Low-cycle fatigue of laser powder bed fusion-processed AlSi10Mg using recycled powder: Experiments and machine learning-assisted lifetime prediction
Michal Bartošák, Michal Jambor, Jiří Halamka, Lukáš Pelikán, Ondřej Stránský, Eliška Galčíková, Michal Slaný, Jakub Horváth, Šimon Petrášek, Ivo Šulák
Abstract
As additive manufacturing technologies advance, the increased use of recycled powder feedstock becomes inevitable. However, recycling may compromise the purity and quality of material inputs, potentially leading to inferior component properties. In this study, strain-controlled Low-Cycle Fatigue (LCF) tests were performed on laser powder bed fusion-processed AlSi10Mg using recycled powder. The use of recycled powder led to an increased oxygen content, resulting in more pores in the microstructure. The LCF tests covered various strain amplitudes under tension-compression for both horizontally and vertically built specimens. After the initial softening, the cyclic response stabilized, with the Hall-Petch effect identified as the main strengthening mechanism due to the eutectic cell walls, regardless of build direction. Investigations into the damage mechanisms revealed deposition defects as the main factor influencing transgranular crack initiation and propagation. Horizontally built specimens exhibited shorter fatigue lifetimes due to a higher number of deposition defects apparently caused by their positions on the build platform. A physics-informed neural network, combined with a strain-life approach, was proposed to predict the fatigue lifetime of small datasets and account for the damaging effects of deposition-related defects.
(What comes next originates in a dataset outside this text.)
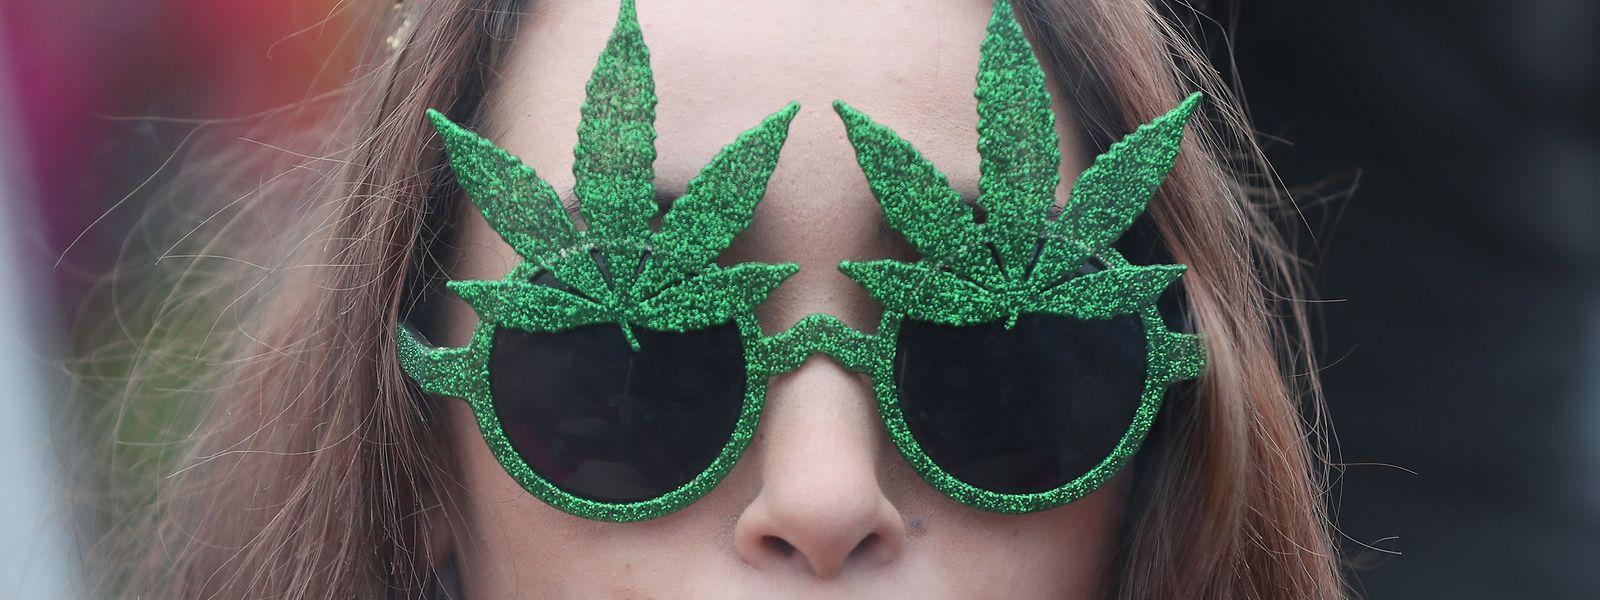 Seit Oktober 2018 sind Cannabis-Produktion und -Konsum legalisiert: Ab 18/19 darf gekifft werden.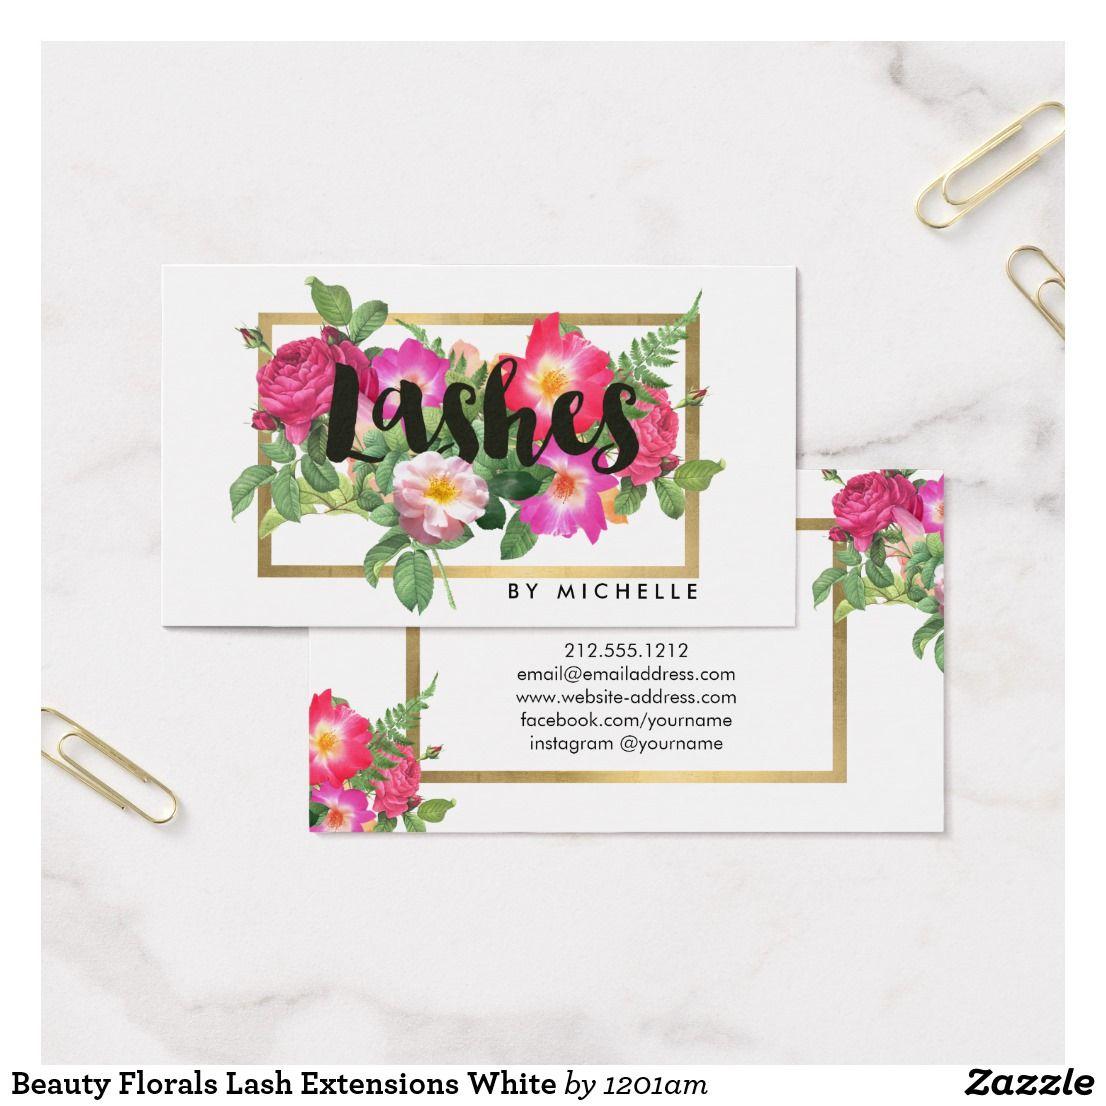 eyelash business cards free

The predicted data showed a good correlation with the experimental results. • Powder recycling increased the oxygen content, leading to more pores in the microstructure. • The specimen position on the build platform had a greater impact than powder recycling on the severity of deposition defects. • Transgranular cracking, linked through the defects, was identified as the main failure mode under low-cycle fatigue loading. • The Hall-Petch effect, attributed to the eutectic cell walls, was identified as the primary strengthening factor. • A physics-informed neural network was proposed to predict fatigue life of small datasets and account for multiple defects.